## MATERIAL PROVIDED

◆ ◆ ◆ ◆ ◆ ◆ ◆

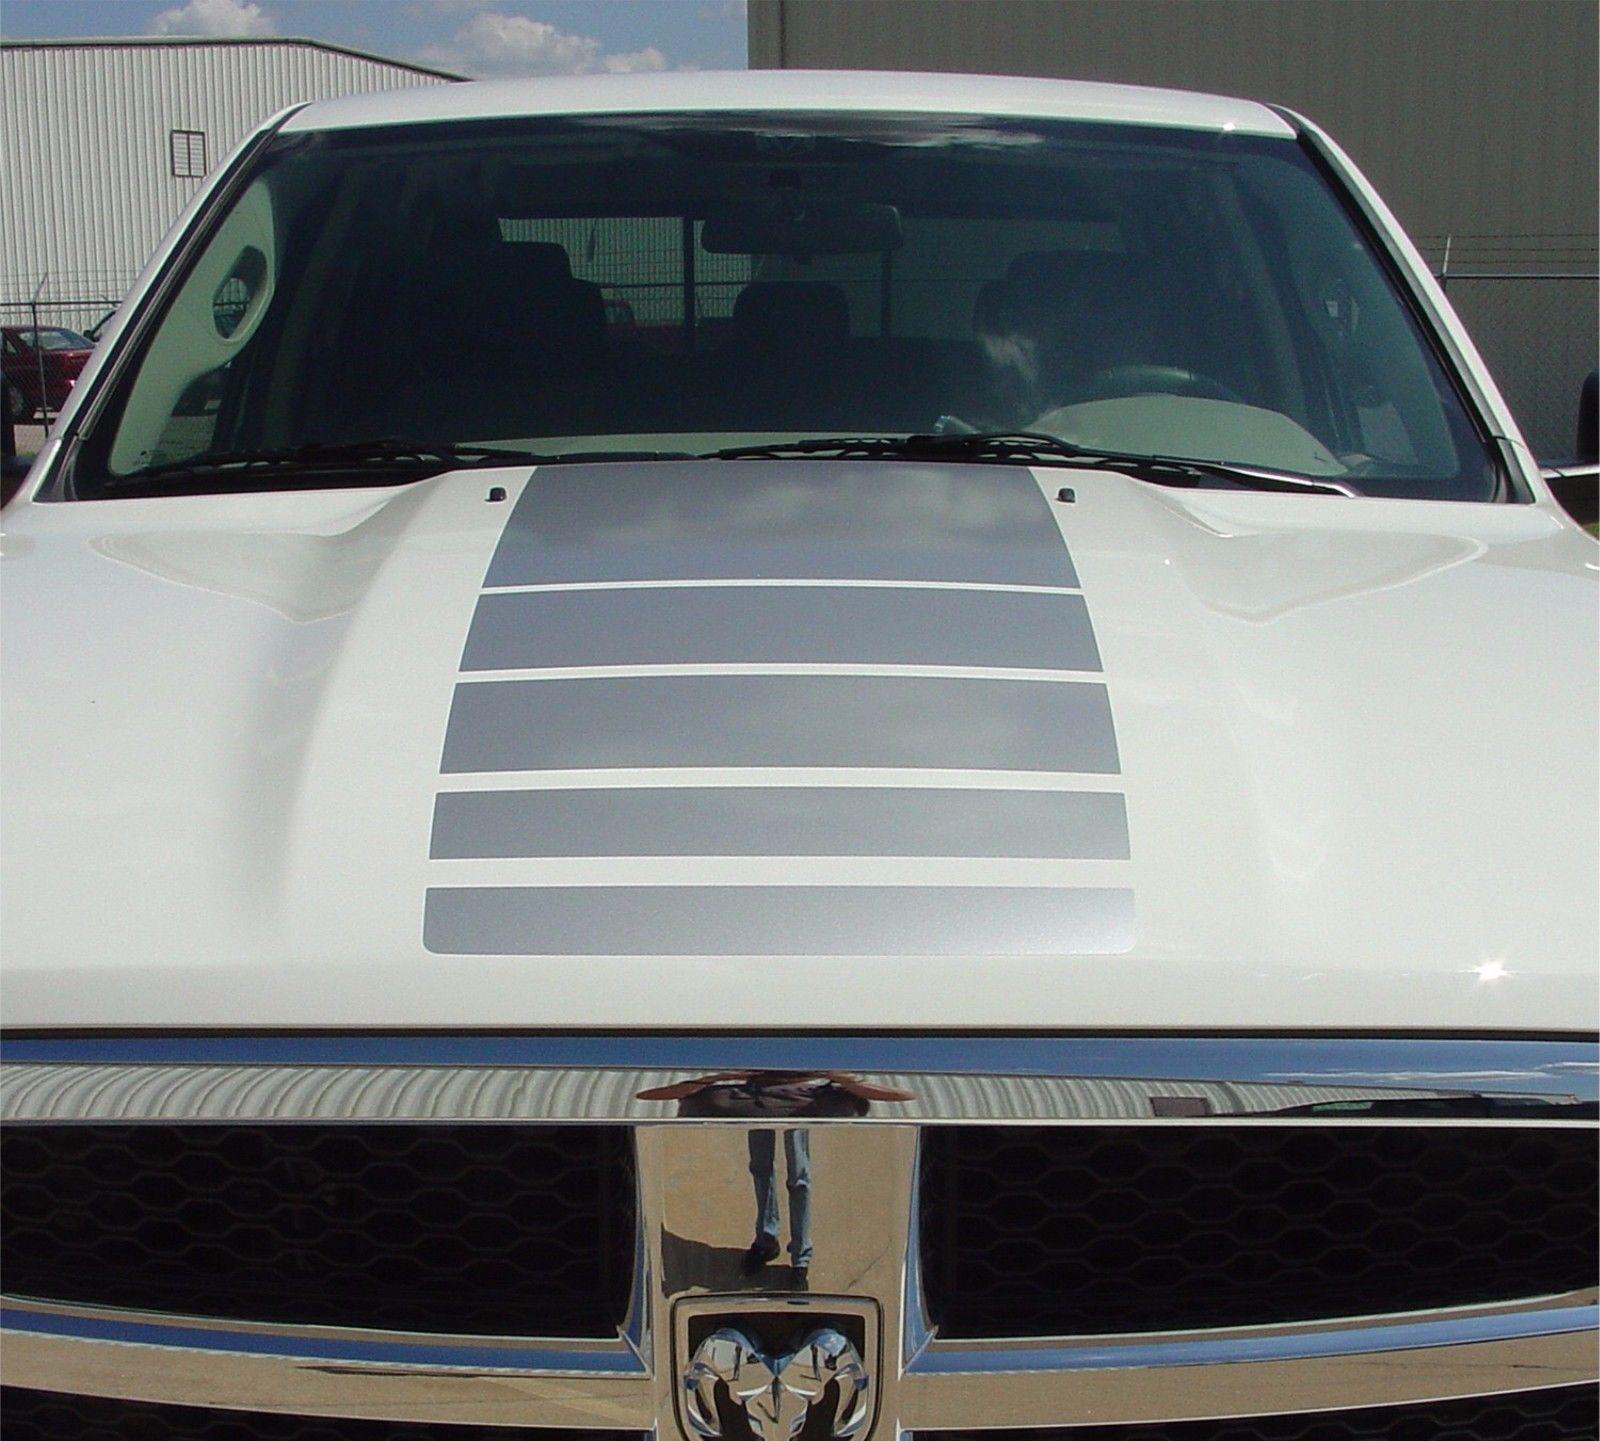 Dodge Ram 1500 Craigslist: Dodge Ram 1500 Wheels For Sale
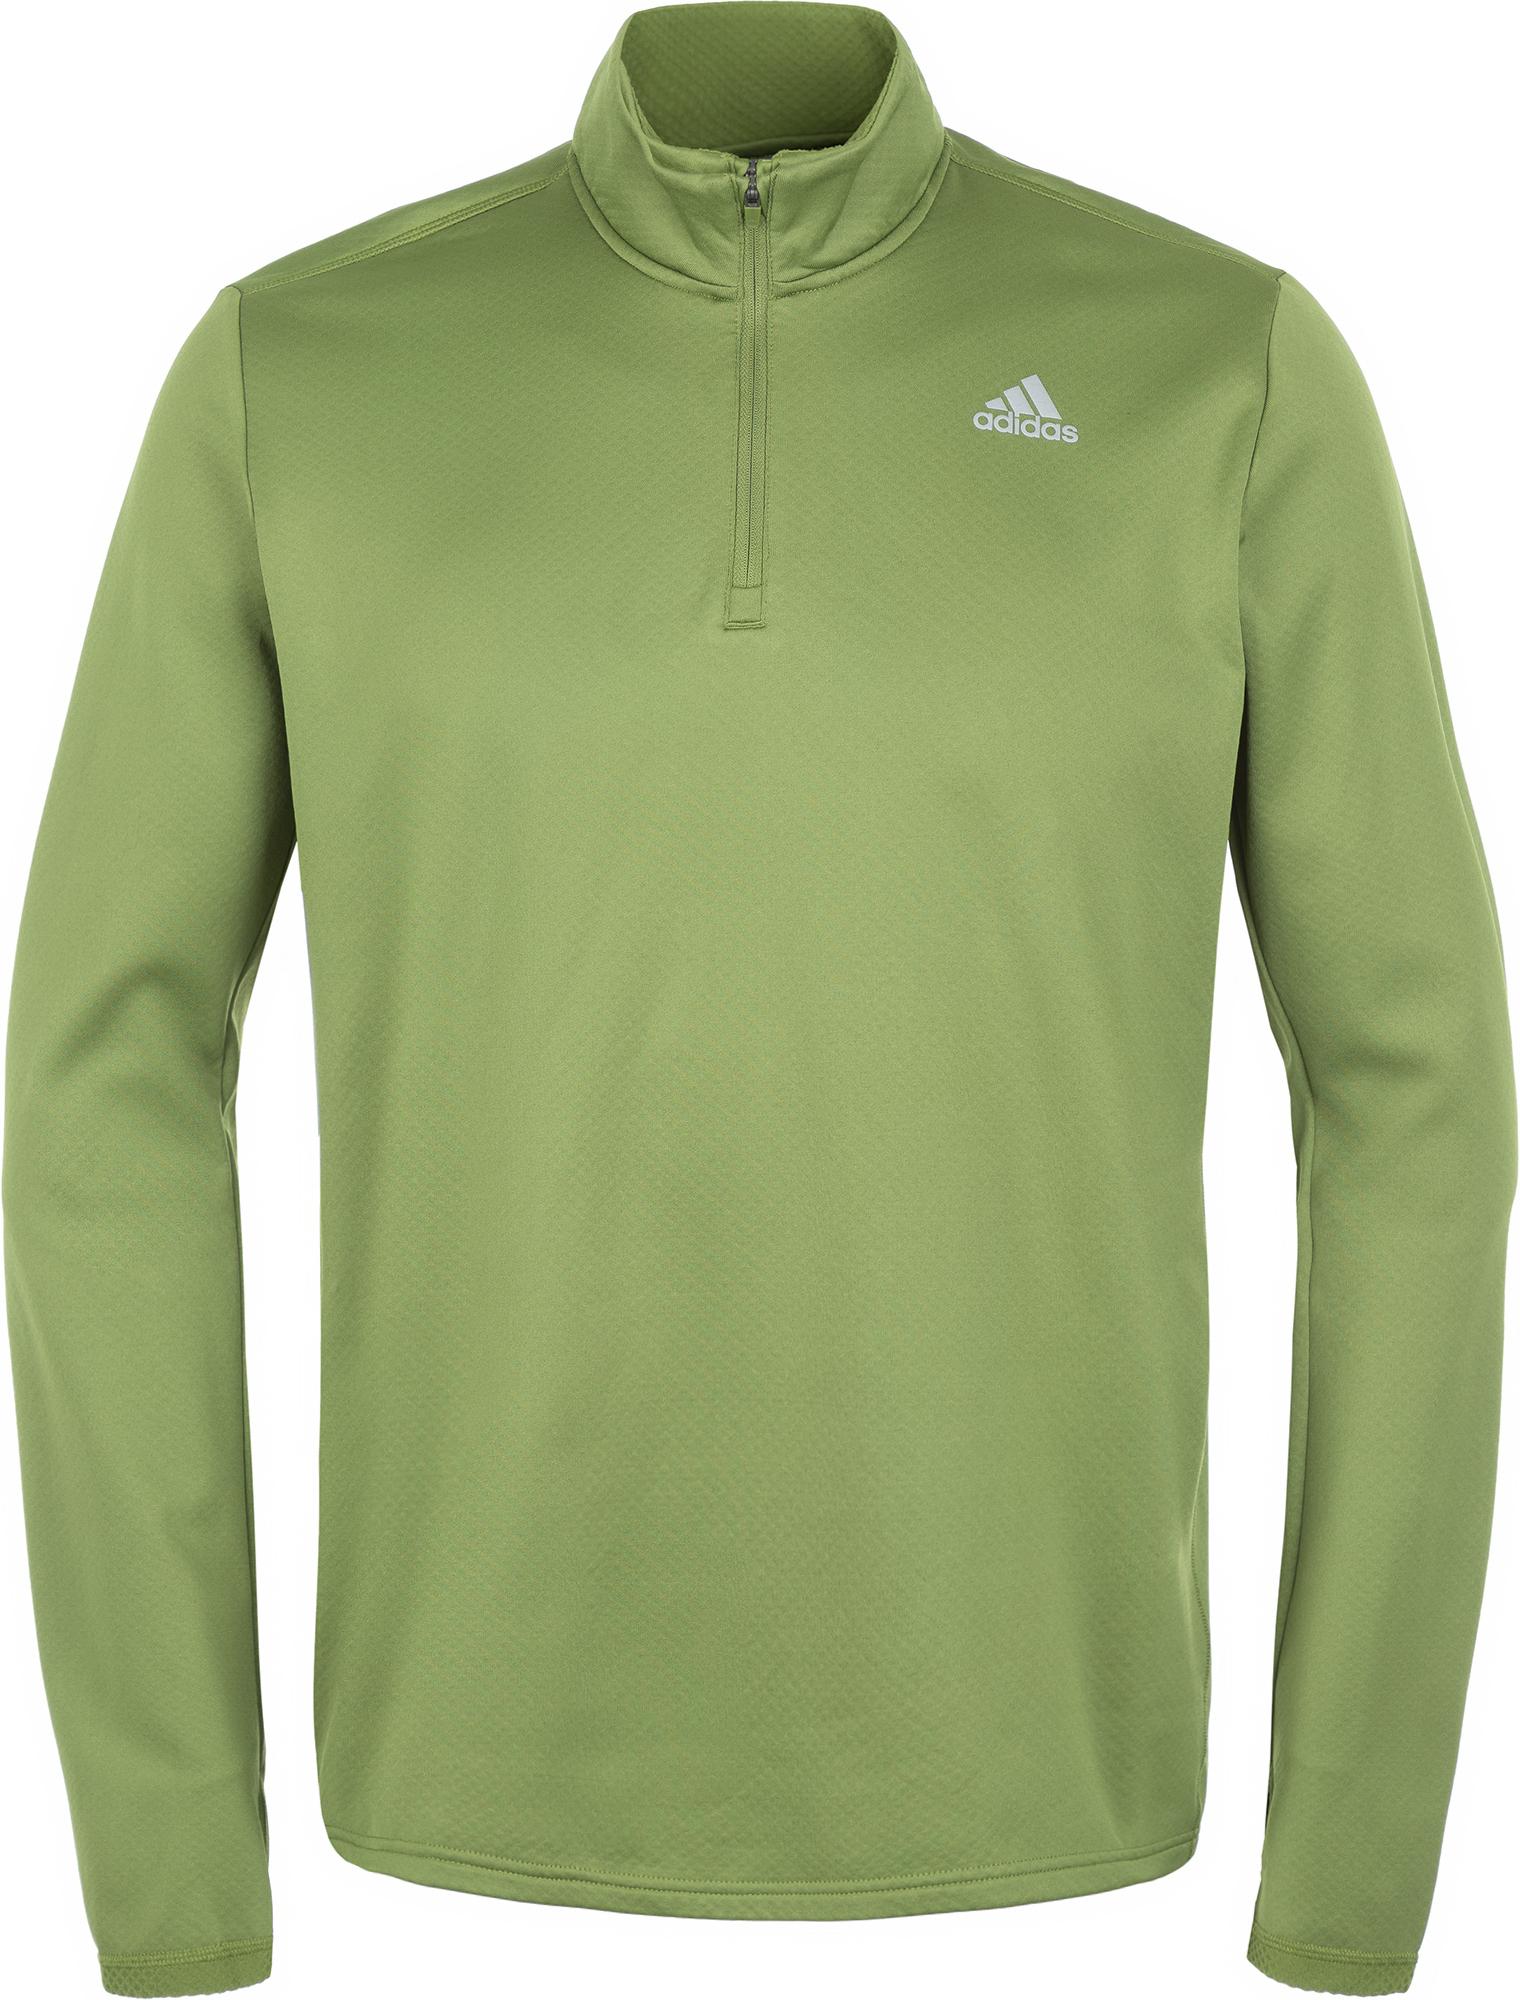 Adidas Лонгслив мужской Response Climawarm 1/4 Zip, размер 54
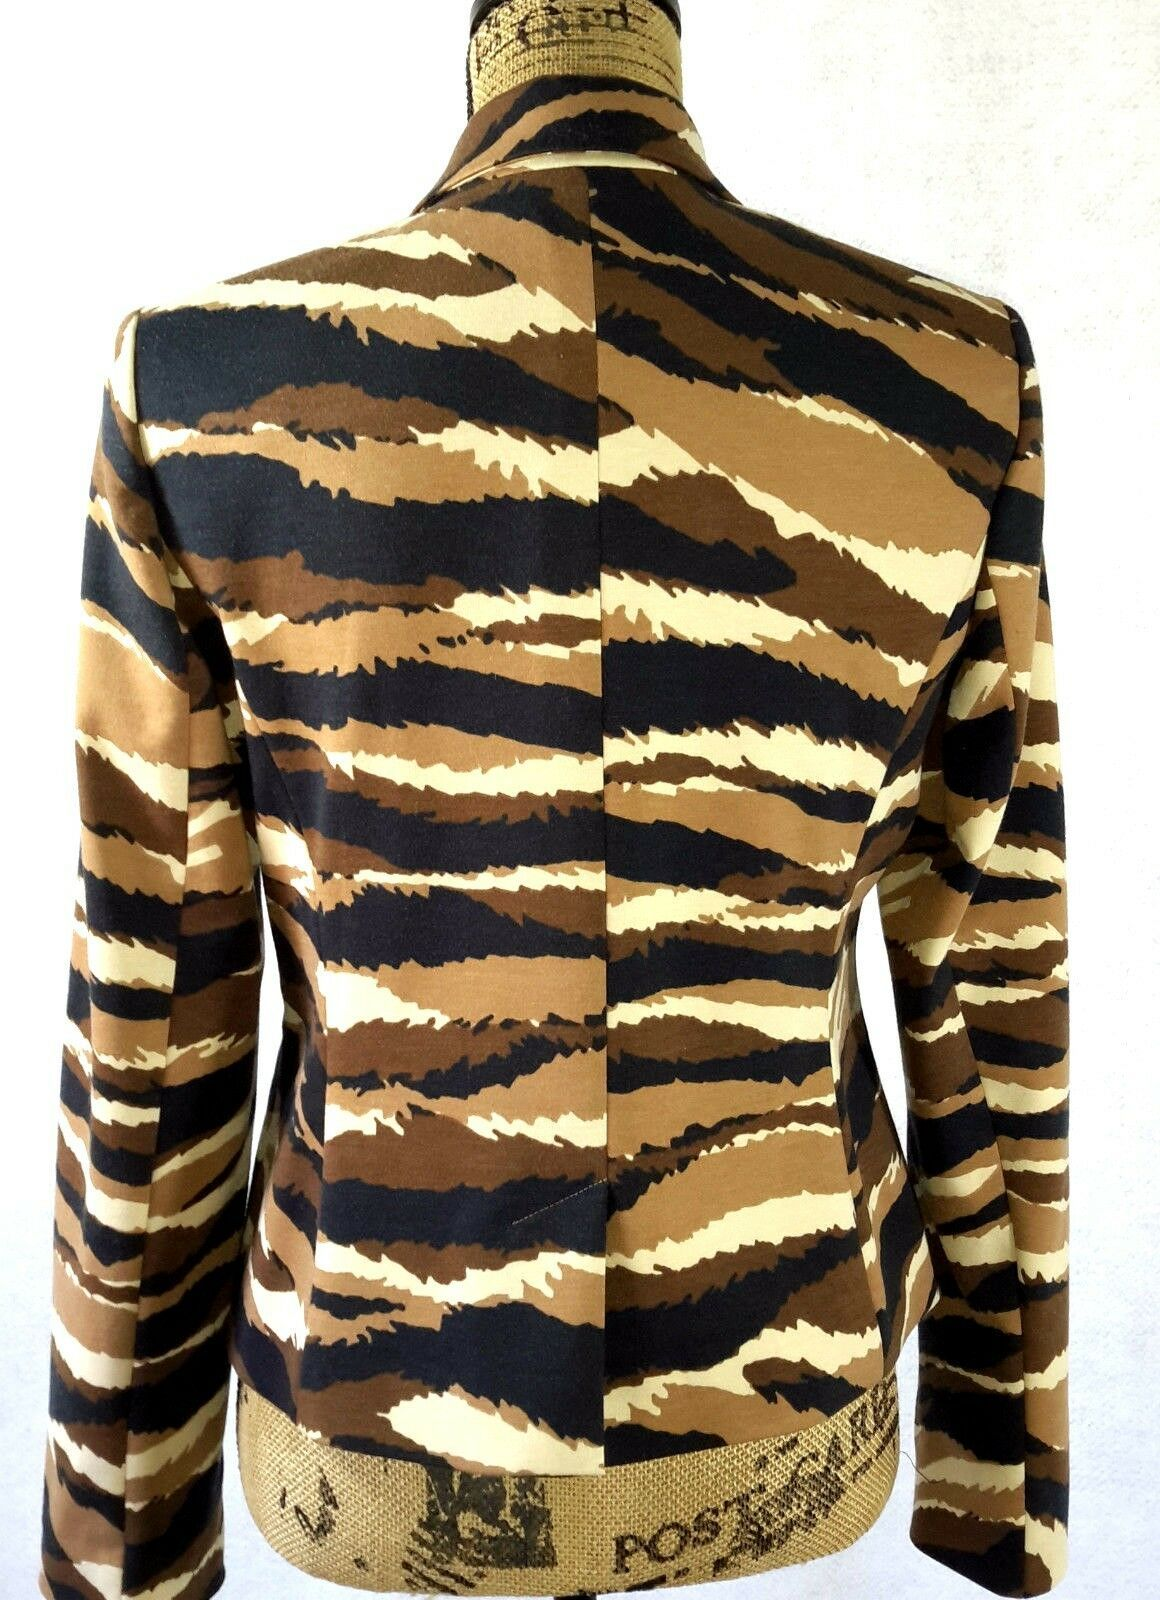 NEW Anne Klein M 6 Camel multi black brown ivory animal stripe blazer NWT $149
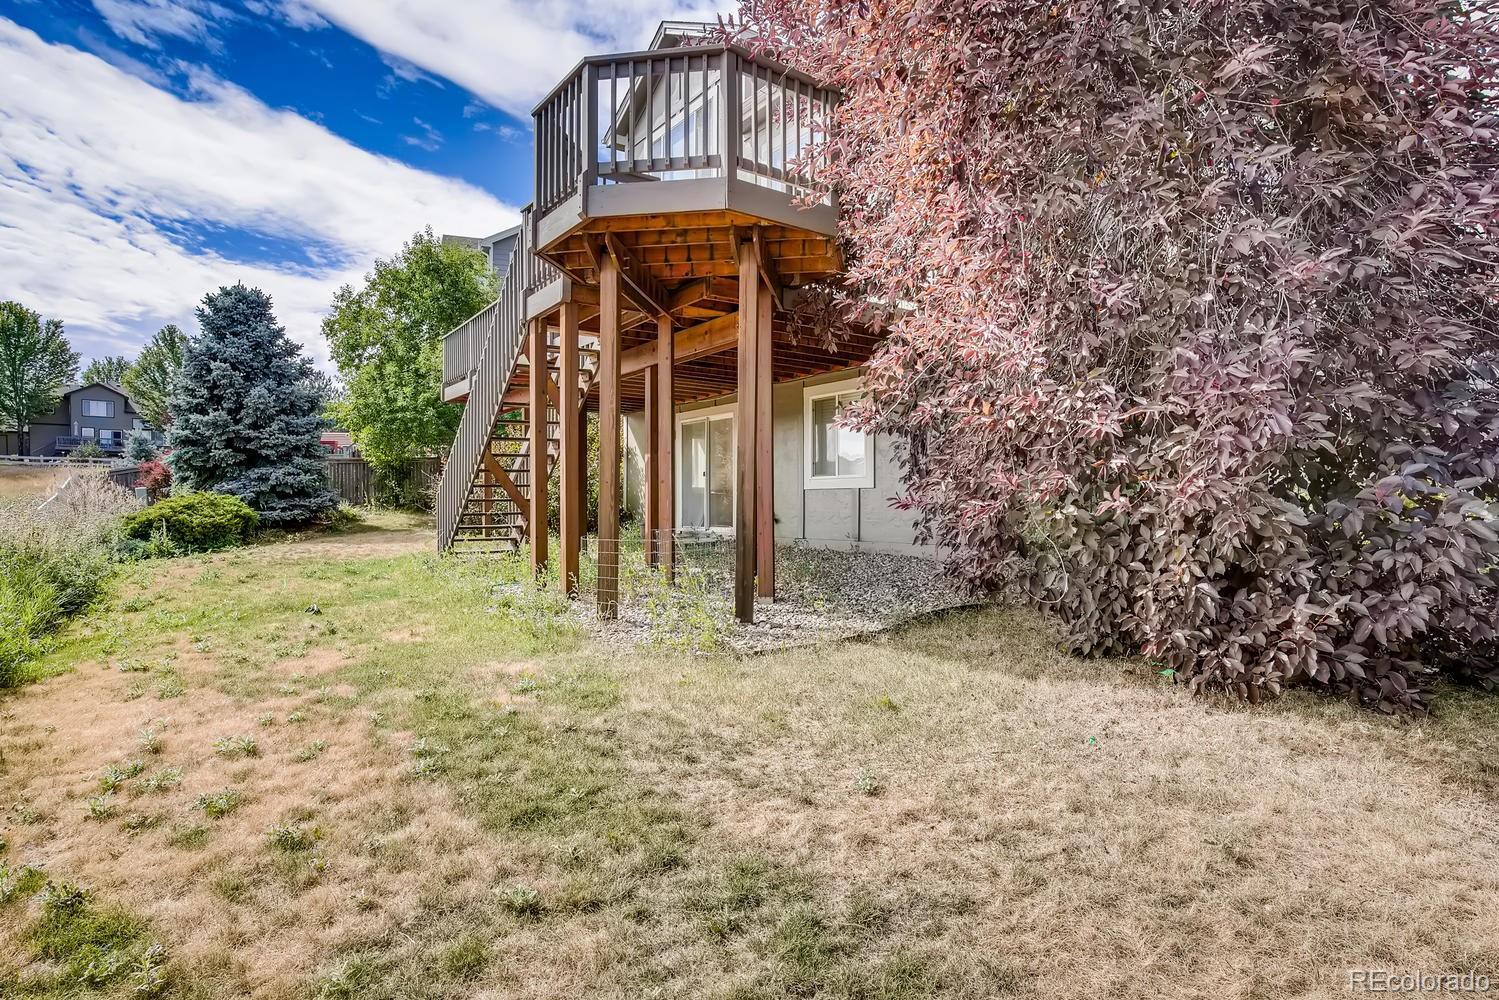 MLS# 5985663 - 27 - 387 Winterthur Way, Highlands Ranch, CO 80129

◆ ◆ ◆ ◆ ◆ ◆ ◆

## WORK REQUEST
Would you retype the listing above exactly, omitting its pictures?

## ANSWER BELOW
 Dodge Ram 1500 Craigslist: Dodge Ram 1500 Wheels For Sale
 Adidas Лонгслив мужской Response Climawarm 1/4 Zip, размер 54
 NEW Anne Klein M 6 Camel multi black brown ivory animal stripe blazer NWT $149
 MLS# 5985663 - 27 - 387 Winterthur Way, Highlands Ranch, CO 80129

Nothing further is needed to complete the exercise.